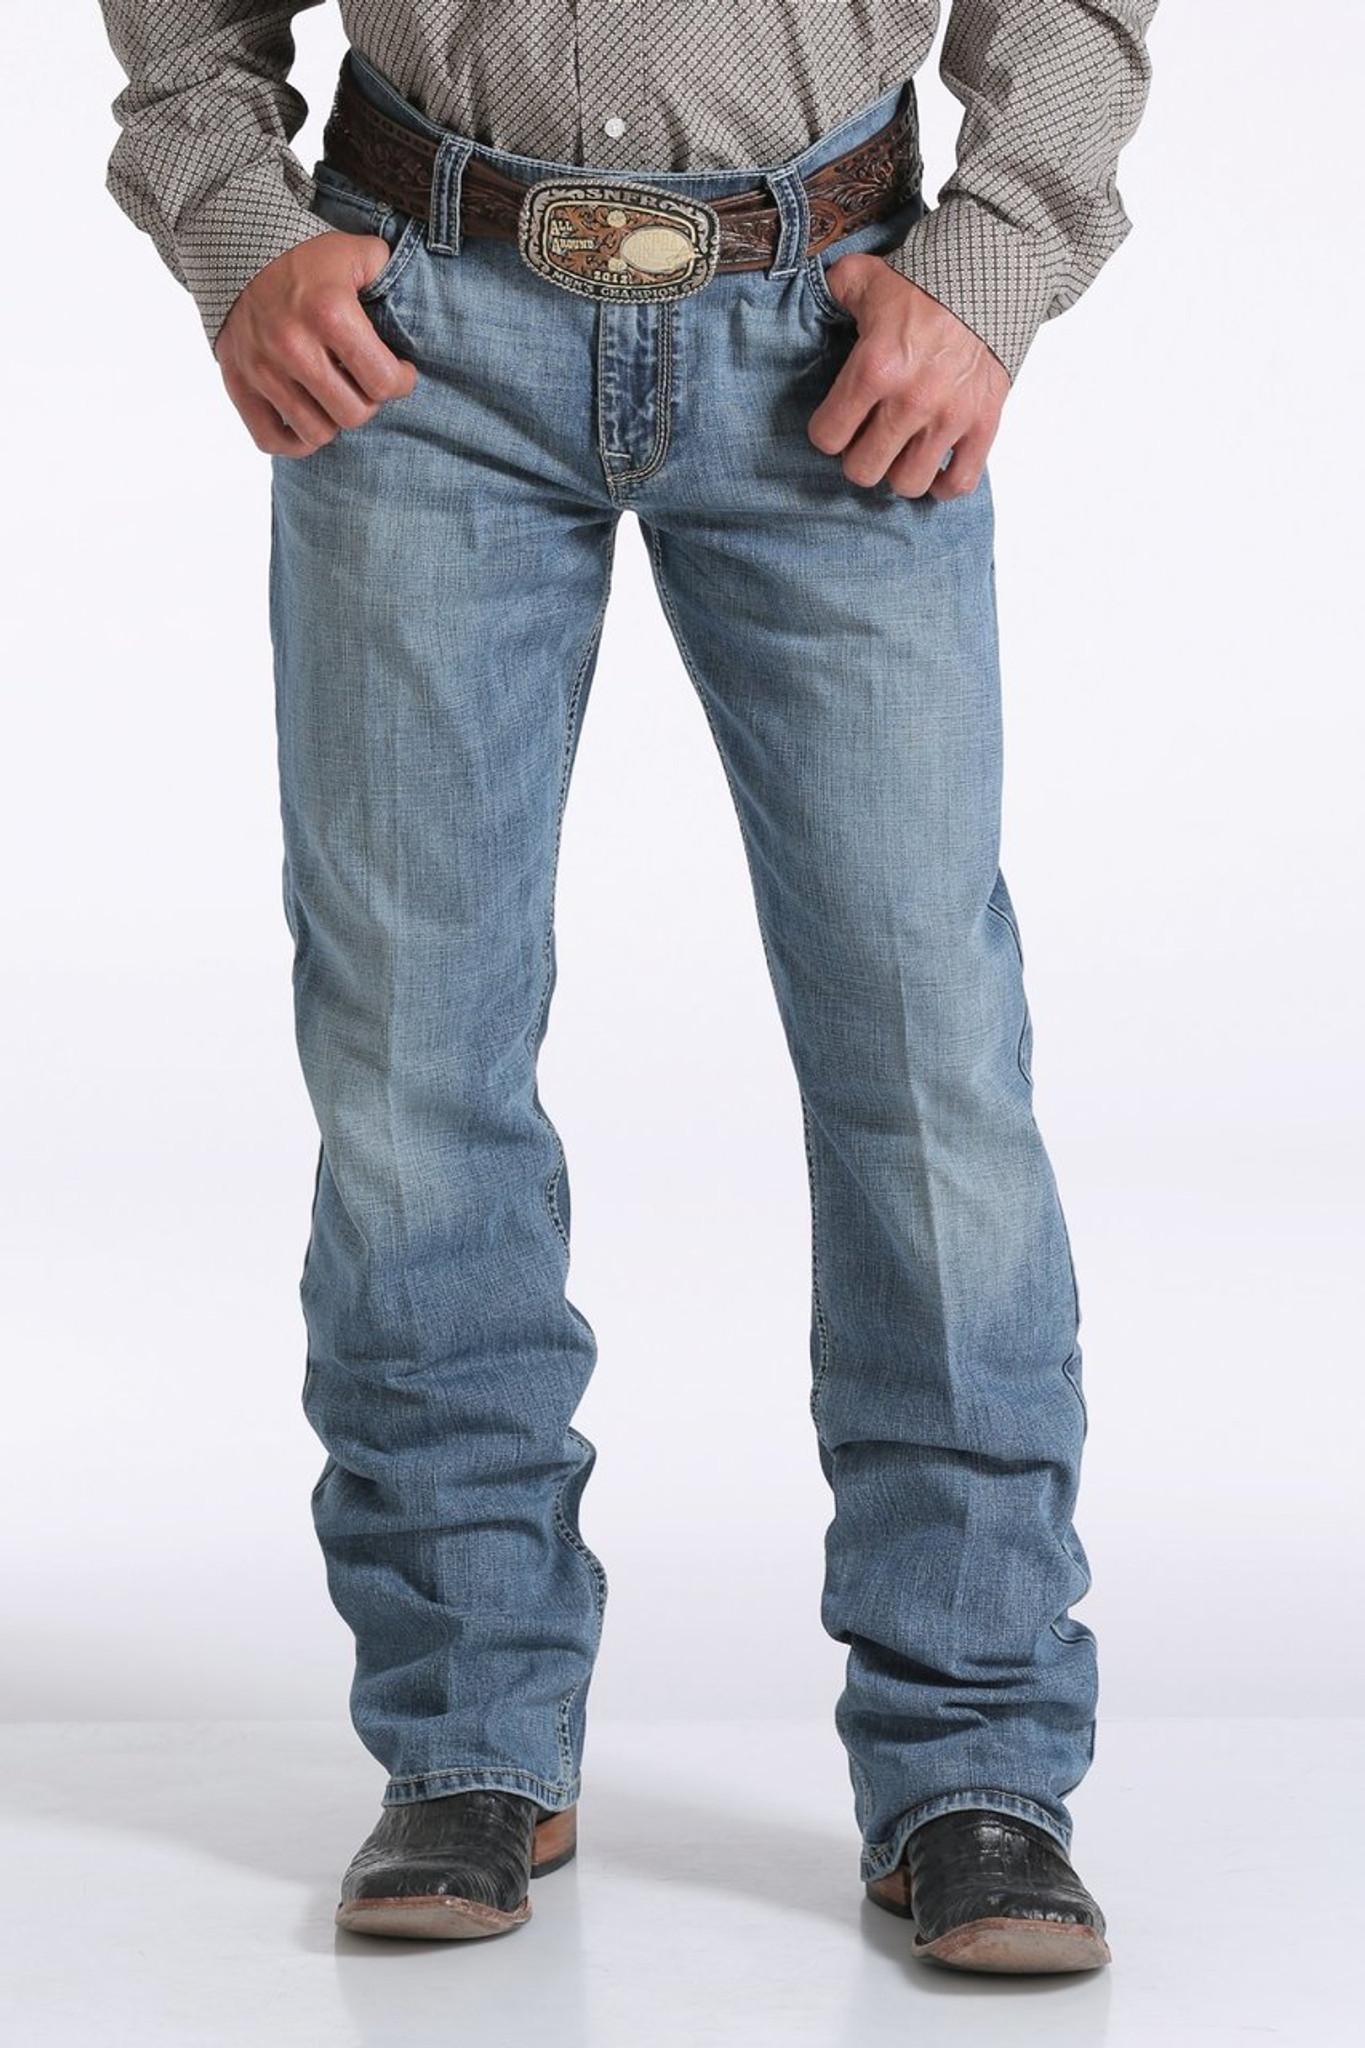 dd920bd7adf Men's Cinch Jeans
━━━━
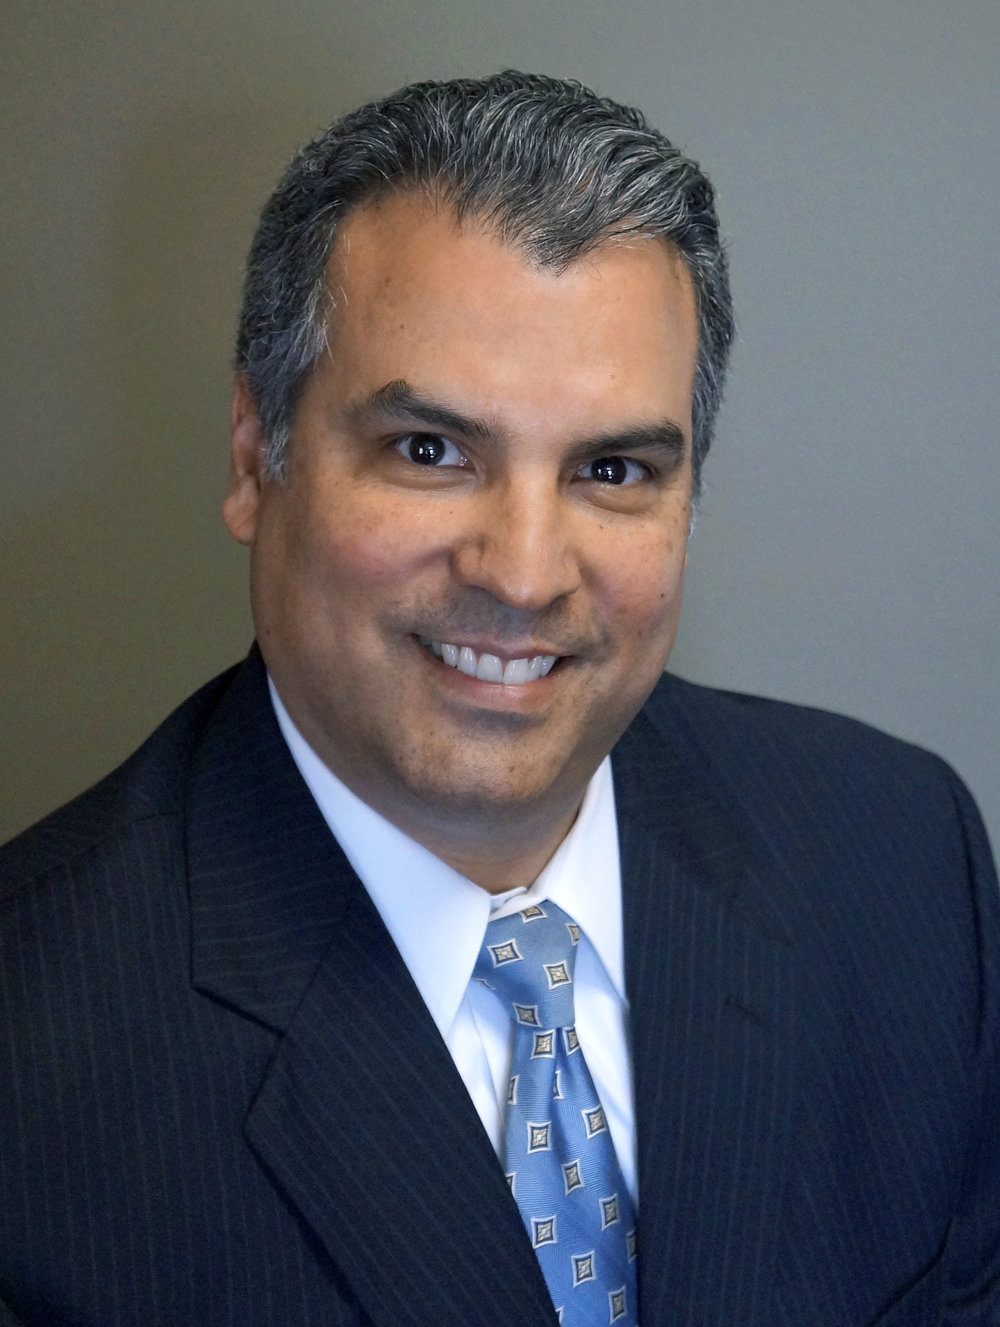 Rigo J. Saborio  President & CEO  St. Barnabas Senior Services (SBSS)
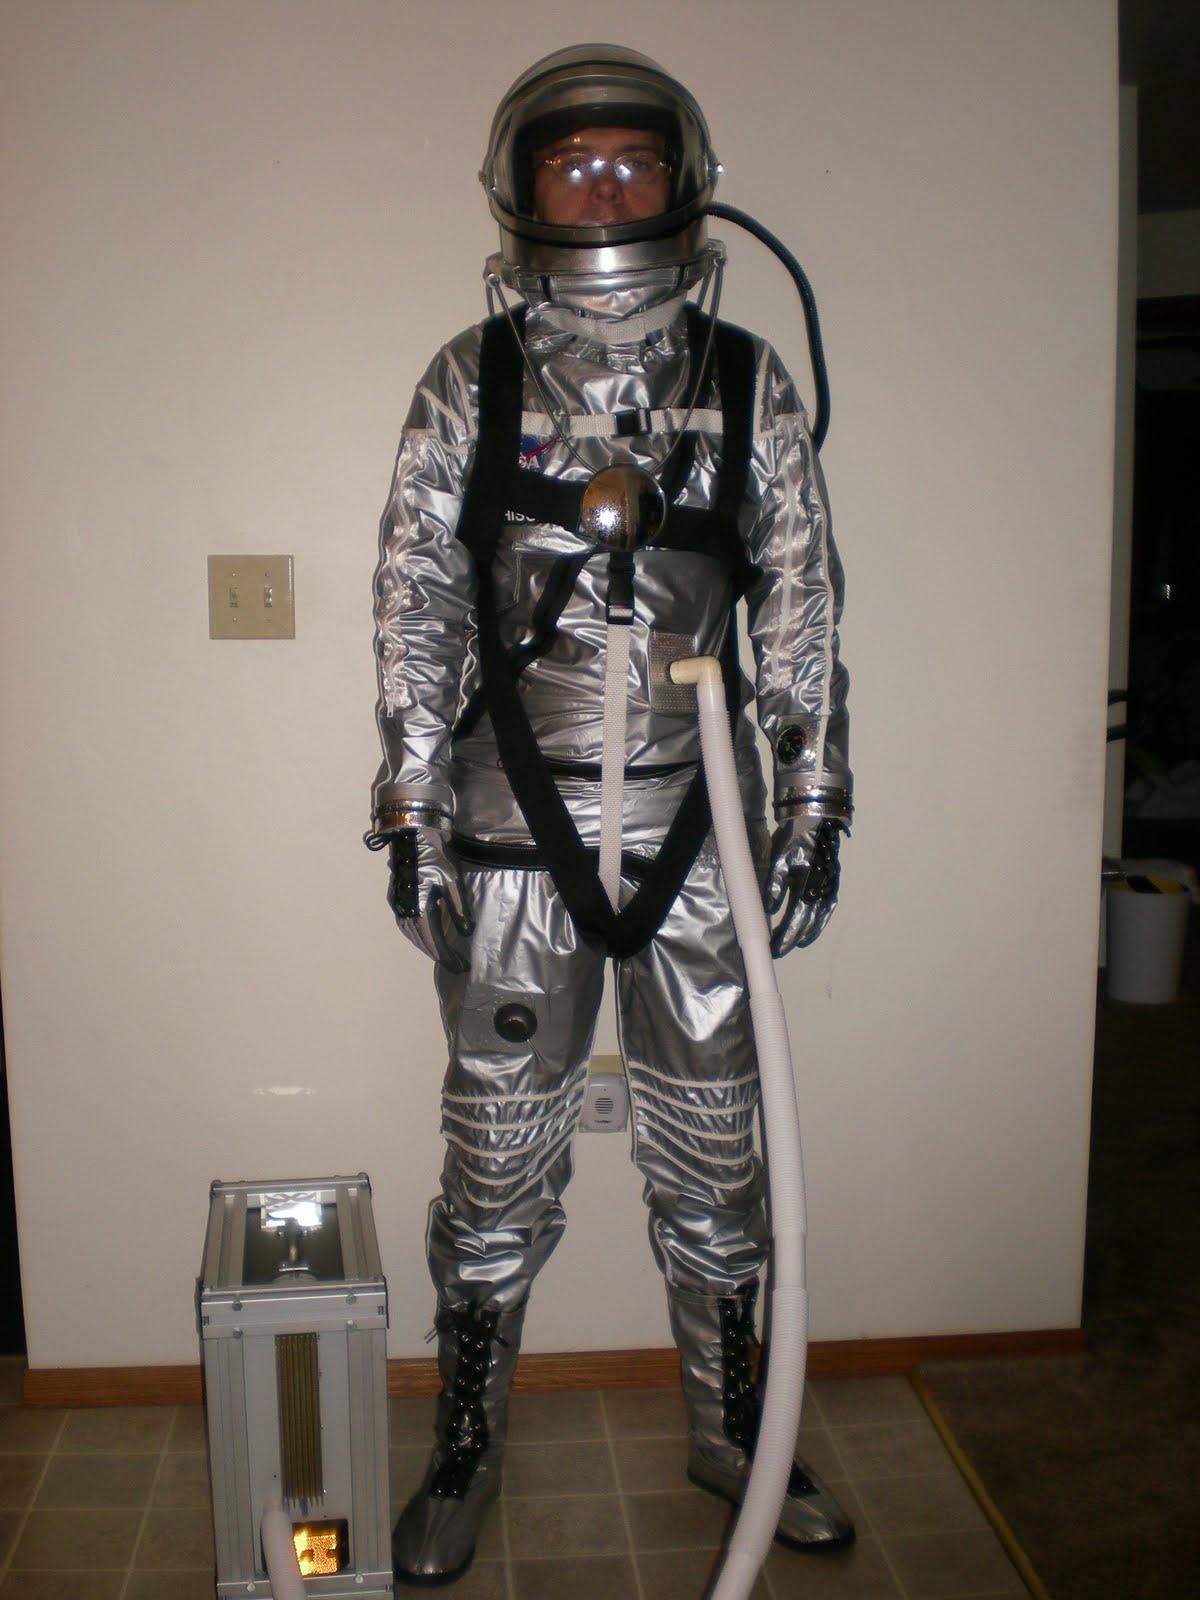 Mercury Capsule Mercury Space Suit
━━━━
Only the lines above from the one containing "Rigo J. Saborio" through the one containing "Mercury Capsule Mercury Space Suit" should be returned, verbatim and inclusive, with pictures excluded.

 Rigo J. Saborio  President & CEO  St. Barnabas Senior Services (SBSS)
 Mercury Capsule Mercury Space Suit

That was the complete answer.